+++ Records shown +++

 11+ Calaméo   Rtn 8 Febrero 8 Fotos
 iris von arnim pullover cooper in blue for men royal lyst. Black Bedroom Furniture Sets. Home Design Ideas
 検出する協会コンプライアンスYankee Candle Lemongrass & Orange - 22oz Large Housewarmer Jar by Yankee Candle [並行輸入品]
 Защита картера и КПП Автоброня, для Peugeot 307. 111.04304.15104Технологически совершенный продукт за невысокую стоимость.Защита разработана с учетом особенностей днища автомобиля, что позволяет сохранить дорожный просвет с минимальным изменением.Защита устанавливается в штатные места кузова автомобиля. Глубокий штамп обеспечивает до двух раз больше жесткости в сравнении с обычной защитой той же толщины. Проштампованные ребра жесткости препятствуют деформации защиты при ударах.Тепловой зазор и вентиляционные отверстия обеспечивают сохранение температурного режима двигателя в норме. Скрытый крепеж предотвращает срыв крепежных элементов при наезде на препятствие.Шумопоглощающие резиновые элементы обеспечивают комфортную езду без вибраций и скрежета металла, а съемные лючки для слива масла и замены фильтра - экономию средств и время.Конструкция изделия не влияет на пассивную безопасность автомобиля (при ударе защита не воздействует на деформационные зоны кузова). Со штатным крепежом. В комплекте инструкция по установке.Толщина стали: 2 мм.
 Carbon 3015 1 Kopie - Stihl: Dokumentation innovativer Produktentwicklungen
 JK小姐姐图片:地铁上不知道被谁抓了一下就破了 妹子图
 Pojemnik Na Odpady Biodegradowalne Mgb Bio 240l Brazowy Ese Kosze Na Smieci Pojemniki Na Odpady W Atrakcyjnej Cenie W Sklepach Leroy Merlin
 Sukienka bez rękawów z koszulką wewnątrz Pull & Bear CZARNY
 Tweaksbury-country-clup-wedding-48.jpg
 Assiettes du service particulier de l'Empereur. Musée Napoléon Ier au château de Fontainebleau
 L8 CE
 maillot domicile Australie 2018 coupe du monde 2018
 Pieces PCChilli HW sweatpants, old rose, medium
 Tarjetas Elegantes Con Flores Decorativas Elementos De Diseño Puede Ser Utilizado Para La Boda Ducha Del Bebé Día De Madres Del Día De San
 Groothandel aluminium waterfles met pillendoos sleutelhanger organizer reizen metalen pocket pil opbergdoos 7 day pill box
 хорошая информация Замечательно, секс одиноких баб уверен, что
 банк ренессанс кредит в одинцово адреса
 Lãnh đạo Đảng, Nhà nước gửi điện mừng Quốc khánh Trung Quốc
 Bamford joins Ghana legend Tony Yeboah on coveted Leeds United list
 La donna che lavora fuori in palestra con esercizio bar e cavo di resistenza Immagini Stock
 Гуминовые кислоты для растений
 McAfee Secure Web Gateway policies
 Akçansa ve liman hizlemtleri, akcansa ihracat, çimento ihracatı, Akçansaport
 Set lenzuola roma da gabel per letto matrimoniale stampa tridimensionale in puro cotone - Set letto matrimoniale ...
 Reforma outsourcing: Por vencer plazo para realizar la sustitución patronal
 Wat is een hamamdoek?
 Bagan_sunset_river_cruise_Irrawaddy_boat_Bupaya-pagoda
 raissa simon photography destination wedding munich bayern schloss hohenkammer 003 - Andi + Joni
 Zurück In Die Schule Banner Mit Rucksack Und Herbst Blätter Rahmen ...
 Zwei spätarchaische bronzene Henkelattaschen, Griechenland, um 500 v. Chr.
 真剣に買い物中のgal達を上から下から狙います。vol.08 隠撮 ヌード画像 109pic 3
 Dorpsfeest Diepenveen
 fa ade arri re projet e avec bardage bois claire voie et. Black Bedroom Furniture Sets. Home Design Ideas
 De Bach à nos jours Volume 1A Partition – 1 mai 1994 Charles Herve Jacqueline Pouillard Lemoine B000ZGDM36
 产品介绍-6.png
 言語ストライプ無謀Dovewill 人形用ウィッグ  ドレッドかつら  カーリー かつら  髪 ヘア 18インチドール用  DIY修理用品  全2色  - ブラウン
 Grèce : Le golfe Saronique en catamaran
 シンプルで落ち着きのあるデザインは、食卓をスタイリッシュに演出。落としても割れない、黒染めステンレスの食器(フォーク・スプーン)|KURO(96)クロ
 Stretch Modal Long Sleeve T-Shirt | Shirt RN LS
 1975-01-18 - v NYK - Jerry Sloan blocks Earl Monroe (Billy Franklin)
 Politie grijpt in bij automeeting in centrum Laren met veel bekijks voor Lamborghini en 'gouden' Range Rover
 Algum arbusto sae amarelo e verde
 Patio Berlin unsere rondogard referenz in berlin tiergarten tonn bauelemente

+++

**Exercise instructions:**
For this exercise, write out all of the data exactly.

**Written response:**
 11+ Calaméo   Rtn 8 Febrero 8 Fotos
 iris von arnim pullover cooper in blue for men royal lyst. Black Bedroom Furniture Sets. Home Design Ideas
 検出する協会コンプライアンスYankee Candle Lemongrass & Orange - 22oz Large Housewarmer Jar by Yankee Candle [並行輸入品]
 Защита картера и КПП Автоброня, для Peugeot 307. 111.04304.15104Технологически совершенный продукт за невысокую стоимость.Защита разработана с учетом особенностей днища автомобиля, что позволяет сохранить дорожный просвет с минимальным изменением.Защита устанавливается в штатные места кузова автомобиля. Глубокий штамп обеспечивает до двух раз больше жесткости в сравнении с обычной защитой той же толщины. Проштампованные ребра жесткости препятствуют деформации защиты при ударах.Тепловой зазор и вентиляционные отверстия обеспечивают сохранение температурного режима двигателя в норме. Скрытый крепеж предотвращает срыв крепежных элементов при наезде на препятствие.Шумопоглощающие резиновые элементы обеспечивают комфортную езду без вибраций и скрежета металла, а съемные лючки для слива масла и замены фильтра - экономию средств и время.Конструкция изделия не влияет на пассивную безопасность автомобиля (при ударе защита не воздействует на деформационные зоны кузова). Со штатным крепежом. В комплекте инструкция по установке.Толщина стали: 2 мм.
 Carbon 3015 1 Kopie - Stihl: Dokumentation innovativer Produktentwicklungen
 JK小姐姐图片:地铁上不知道被谁抓了一下就破了 妹子图
 Pojemnik Na Odpady Biodegradowalne Mgb Bio 240l Brazowy Ese Kosze Na Smieci Pojemniki Na Odpady W Atrakcyjnej Cenie W Sklepach Leroy Merlin
 Sukienka bez rękawów z koszulką wewnątrz Pull & Bear CZARNY
 Tweaksbury-country-clup-wedding-48.jpg
 Assiettes du service particulier de l'Empereur. Musée Napoléon Ier au château de Fontainebleau
 L8 CE
 maillot domicile Australie 2018 coupe du monde 2018
 Pieces PCChilli HW sweatpants, old rose, medium
 Tarjetas Elegantes Con Flores Decorativas Elementos De Diseño Puede Ser Utilizado Para La Boda Ducha Del Bebé Día De Madres Del Día De San
 Groothandel aluminium waterfles met pillendoos sleutelhanger organizer reizen metalen pocket pil opbergdoos 7 day pill box
 хорошая информация Замечательно, секс одиноких баб уверен, что
 банк ренессанс кредит в одинцово адреса
 Lãnh đạo Đảng, Nhà nước gửi điện mừng Quốc khánh Trung Quốc
 Bamford joins Ghana legend Tony Yeboah on coveted Leeds United list
 La donna che lavora fuori in palestra con esercizio bar e cavo di resistenza Immagini Stock
 Гуминовые кислоты для растений
 McAfee Secure Web Gateway policies
 Akçansa ve liman hizlemtleri, akcansa ihracat, çimento ihracatı, Akçansaport
 Set lenzuola roma da gabel per letto matrimoniale stampa tridimensionale in puro cotone - Set letto matrimoniale ...
 Reforma outsourcing: Por vencer plazo para realizar la sustitución patronal
 Wat is een hamamdoek?
 Bagan_sunset_river_cruise_Irrawaddy_boat_Bupaya-pagoda
 raissa simon photography destination wedding munich bayern schloss hohenkammer 003 - Andi + Joni
 Zurück In Die Schule Banner Mit Rucksack Und Herbst Blätter Rahmen ...
 Zwei spätarchaische bronzene Henkelattaschen, Griechenland, um 500 v. Chr.
 真剣に買い物中のgal達を上から下から狙います。vol.08 隠撮 ヌード画像 109pic 3
 Dorpsfeest Diepenveen
 fa ade arri re projet e avec bardage bois claire voie et. Black Bedroom Furniture Sets. Home Design Ideas
 De Bach à nos jours Volume 1A Partition – 1 mai 1994 Charles Herve Jacqueline Pouillard Lemoine B000ZGDM36
 产品介绍-6.png
 言語ストライプ無謀Dovewill 人形用ウィッグ  ドレッドかつら  カーリー かつら  髪 ヘア 18インチドール用  DIY修理用品  全2色  - ブラウン
 Grèce : Le golfe Saronique en catamaran
 シンプルで落ち着きのあるデザインは、食卓をスタイリッシュに演出。落としても割れない、黒染めステンレスの食器(フォーク・スプーン)|KURO(96)クロ
 Stretch Modal Long Sleeve T-Shirt | Shirt RN LS
 1975-01-18 - v NYK - Jerry Sloan blocks Earl Monroe (Billy Franklin)
 Politie grijpt in bij automeeting in centrum Laren met veel bekijks voor Lamborghini en 'gouden' Range Rover
 Algum arbusto sae amarelo e verde
 Patio Berlin unsere rondogard referenz in berlin tiergarten tonn bauelemente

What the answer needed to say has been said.